Dogbone Super-Micro-Sprint [Postponed]

It's been a bit since the last race, and I just painted all those track pieces I got over the holidays. It seems like it took forever, but I had also started a new job, so my hours have changed. I don't have as much opportunity to race these days, but I take it where I can get it. I'll have afternoons free this week, so I spent the day setting up the track and tuning cars. 

Here's the track layout:

Got the idea to make the dogbone oval by putting together a giant multi-radius curve section. It takes up quite a bit of the living room floor.

I got inspired to do a big oval since I had painted all those 4/15 track pieces [and 3/30], so I wanted a large, fast corner. This track is extremely fast. There's very little reason to slow down in the corners, maybe just a little bit. Otherwise the car pitches out slightly and then corrects. You can go really really fast on this track. 

So it turns out that I didn't have time to do any of this race, and I needed to pick up the track and do some things. Probably better, though, since I wanted to spend time with each car I put on the track. I think once I get a good length of free time I'll set this layout back up and do some of that. 

As I was running cars, I felt like I wanted to tune each one of them specially for this layout. There would be a lot of emphasis on the tires, although other things would also be important. But no particular type of car stood out in practice laps. One 908 would be good, the other not so good, and so on. There isn't a reason to any of it either, so it's been mostly just running lucky. But I think if I sat down and tuned each car for this track, I'd get some interesting results. That big of a track allows you to really let the cars go at speed. So the question becomes, which car can make it around the curves without breaking out?

I thought about adding something into the layout to break it up a little, but the whole point is to make it nice a big and flowing. I'll do a more precise track after this one. 

It is going to be awhile before that's going to happen, though, so this layout may have to go on the back burner for awhile. 

I also need to get a wider angle lens. 

Slot Car Of The Year 2021

 I know this is a little late, but it's something I wanted to do earlier but didn't, so I thought I would do it now. A couple things....

I only count cars that I buy, so it would have to be a car that's new in 2021, and I have to own it. I can't claim knowledge of any car I don't own. Since I've bought a lot of cars that are older than a year, many that I own won't qualify. With that, I want to present to you....

SLOT CAR OF THE YEAR 2021

NSR Gulf Porsche 908/3

There are a lot of great slot cars out there, but I own this one. So I'm calling this the Slot Car Of The Year for 2021. Everything about it is either gorgeous or spectacular, from the fantastic finish on the body to the incredible handling ability. There is absolutely nothing negative I can say about this car. 

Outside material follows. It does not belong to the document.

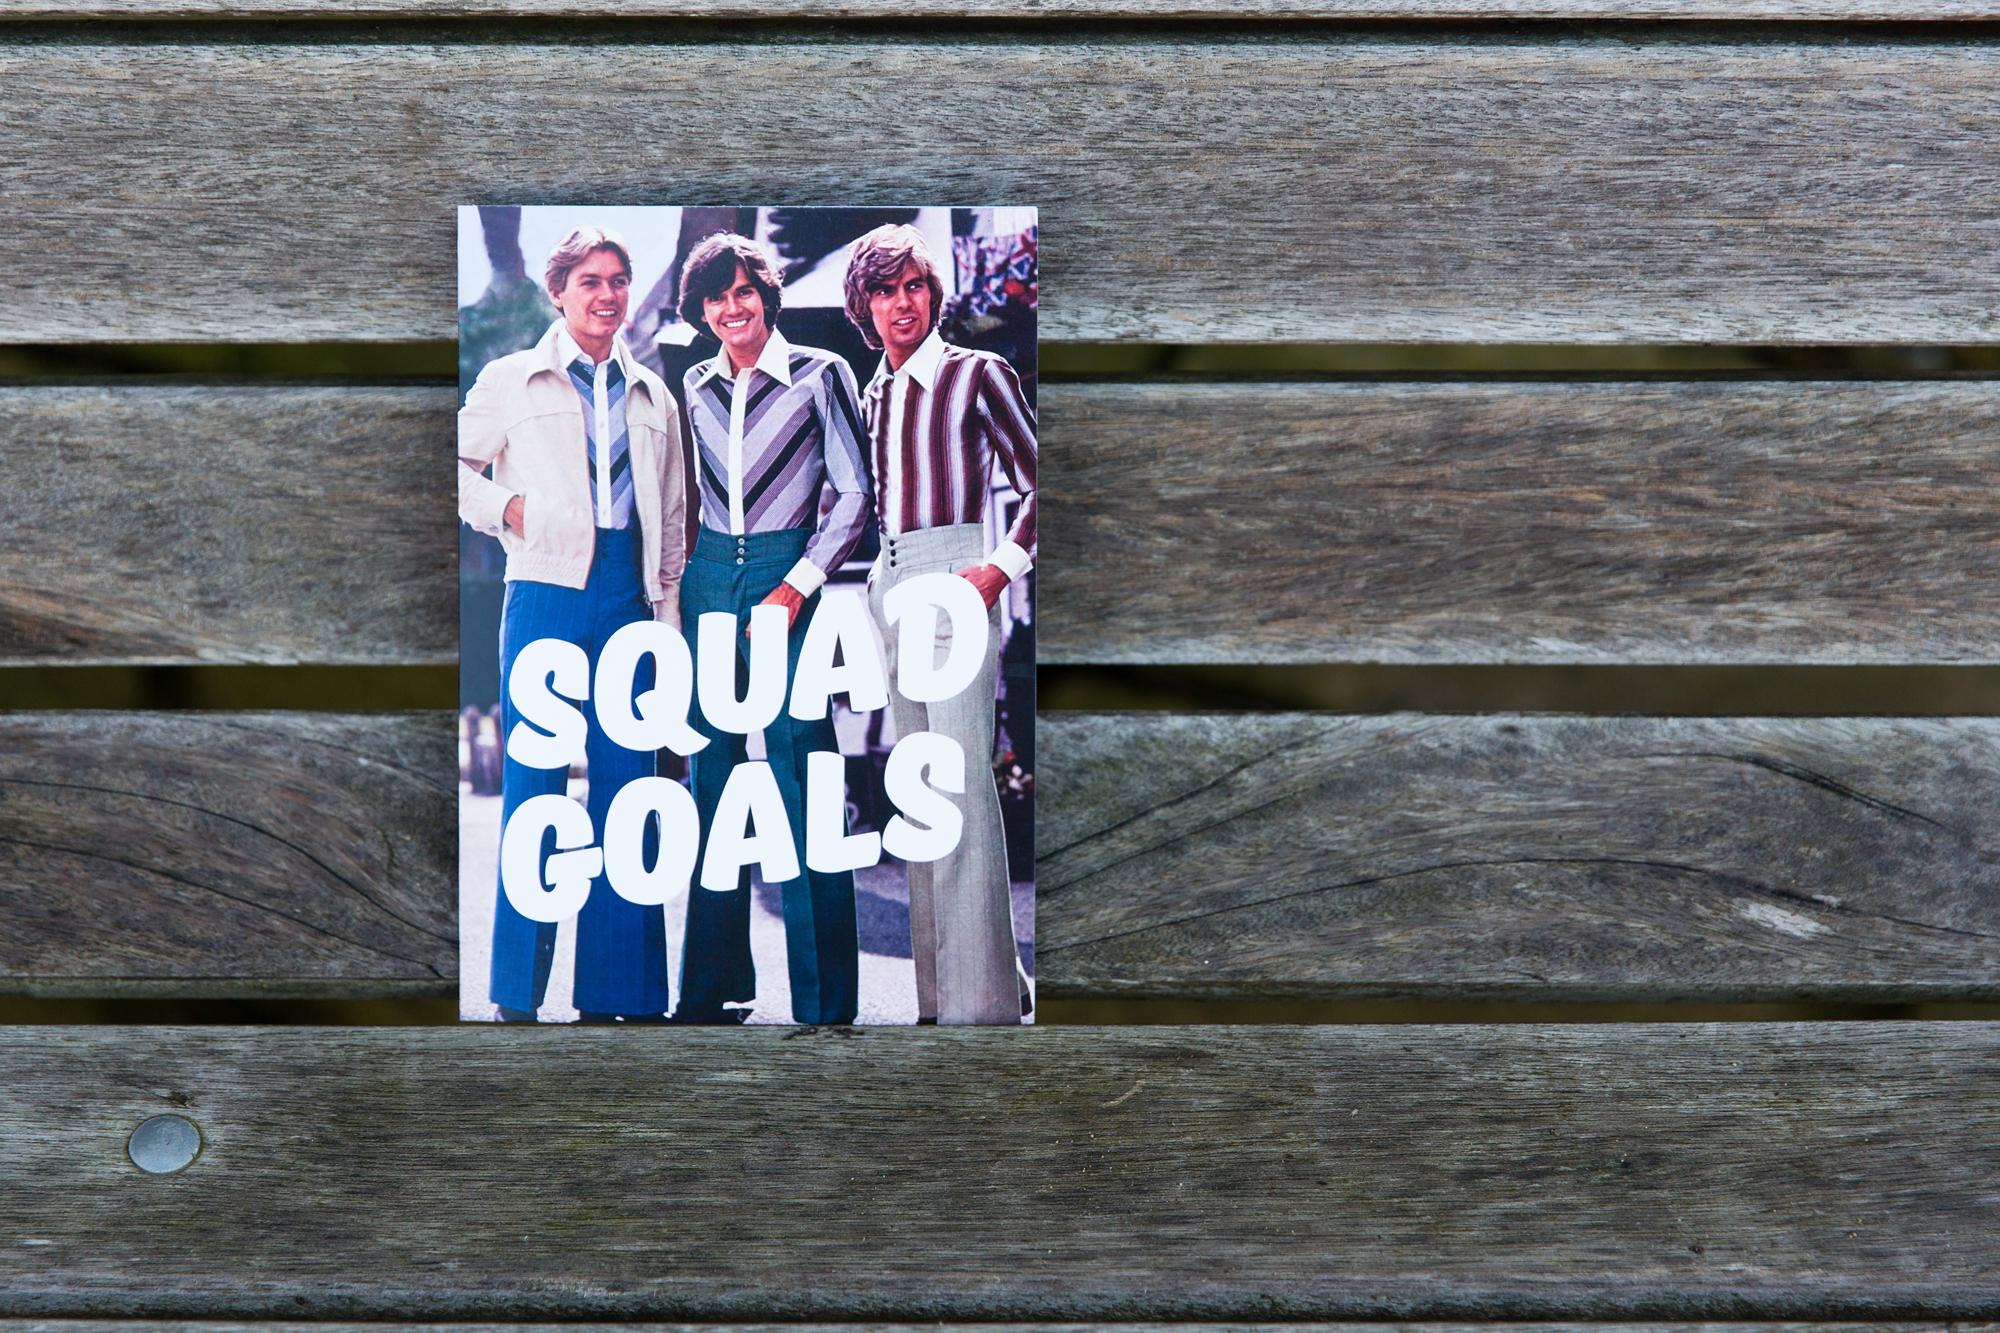 York Wedding Photography at Barmbyfield Barns squad goals card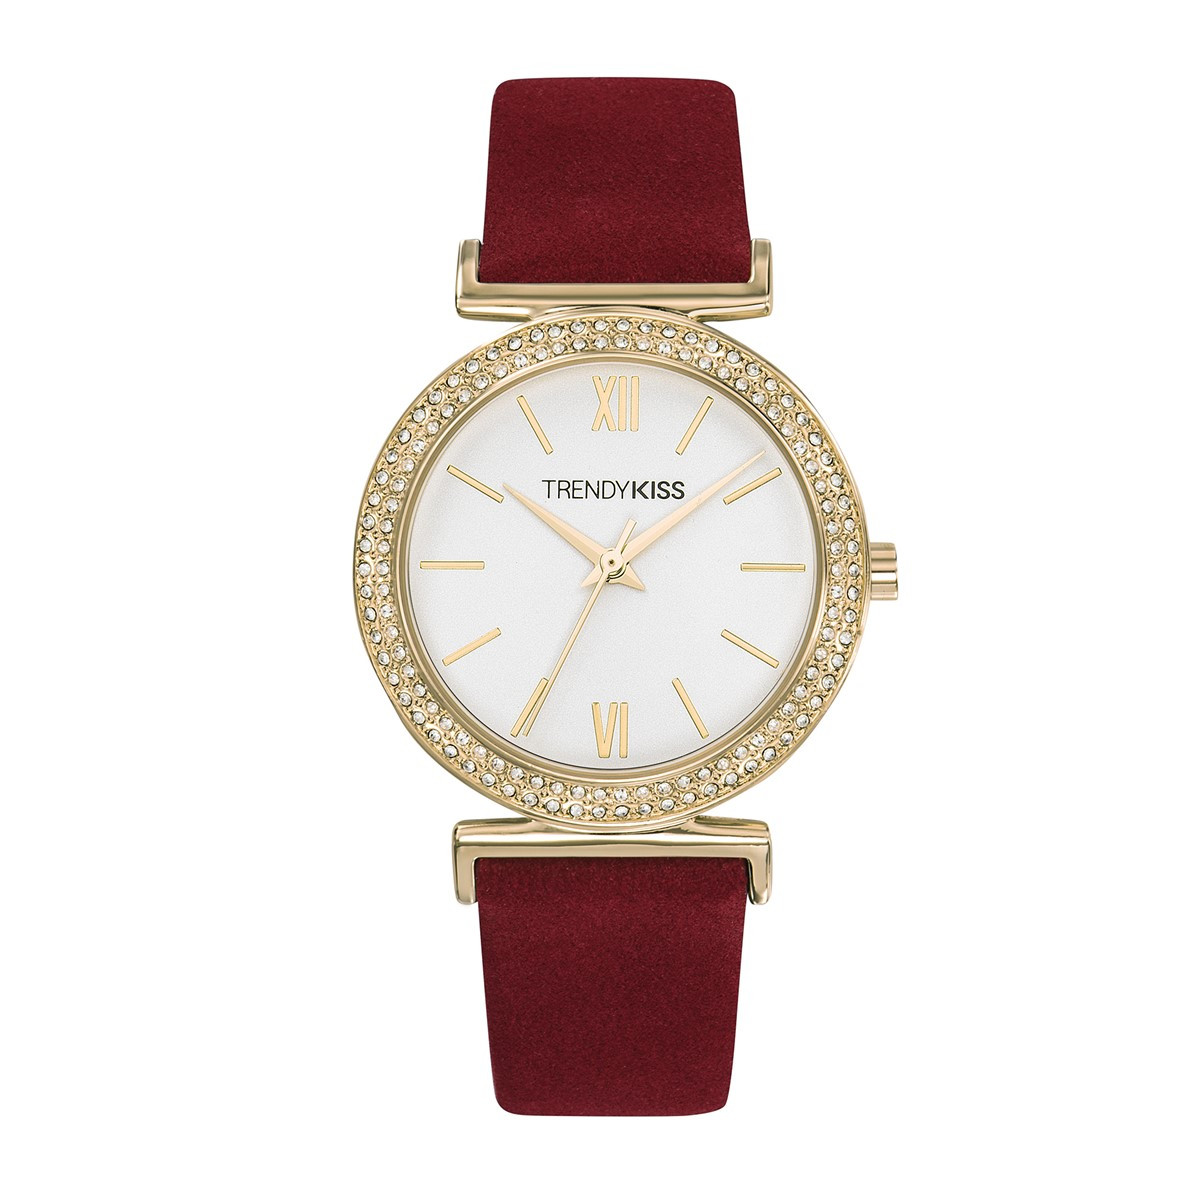 6998a55471 Montre femme Trendy Kiss Rose bracelet cuir véritable - Femme ...

There are a lot of people who love the Gulf livery, and a lot who are tired of it. I happen to be one of the former, and find the Gulf livery to be one of the most eye-catching of the color combinations. Nevermind the historical background of the real life cars, which I often ignore in the slot car world. Gulf is a racing pedigree, so it kinda goes without saying that's it's iconic. 

If the classic racing film "Le Mans", Steve McQueen plays Michael Delaney, a driver of the Gulf Team Porsche 917. Definitely an interesting movie for a racing enthusiast, the film footage is spectacular. It was that movie that made me a fan of the Gulf livery and Porsche in general. I think I was 10 when I saw it.

But it really isn't just about the looks of this car. If that was the case, I might give the award to the Thunderslot Sunoco M6A. The Gulf 908 is an extraordinarily good slot car in general. 

I'm already a big fan of the 908 platform. I think the shortened body and wheelbase make for a particularly good race car. It feels like the kind of car that, if you didn't own one, you'd get beaten by the person who did. Very planted, goes fast through tricky sections, and handles the straights better than some of the other cars with a similar platform: Alfa, M6A, other 908s. 

In my slot car collection, as an NSR car it sits near the top performance-wise. Definitely a podium threat, even at this early stage of the game. I haven't even really started tampering with it yet. 

The Thunderslot Pod

 I got a comment from JimG, who ordered a Thunderslot Elva, and was wondering about the pod. So I thought I'd post about it. 

Many modern slot cars, especially race cars, have a pod system. A pod is basically the back part of the chassis, complete with motor and rear end, and separate from the front part of the chassis. 

Thunderslot cars use a pod with a 5 screw mount. Most other companies make a more rectangular pod on a 4 screw mount. 

The idea is to allow for the rear end to have a little flexibility as well as to help dissipate vibration and other unwanted things to the rest of the race car. 

Float

Float is the term used to describe how much play is in the pod [or body] when connected to the chassis. A well-tightened pod won't have any, or very little, float. That will cause the chassis to be rigid, which will affect the handling of the race car. A "loose float" setting would be the other way, with the pod very loosely attached to provide the most movement possible. I tend to use something in between, a "medium float" as a general guideline. 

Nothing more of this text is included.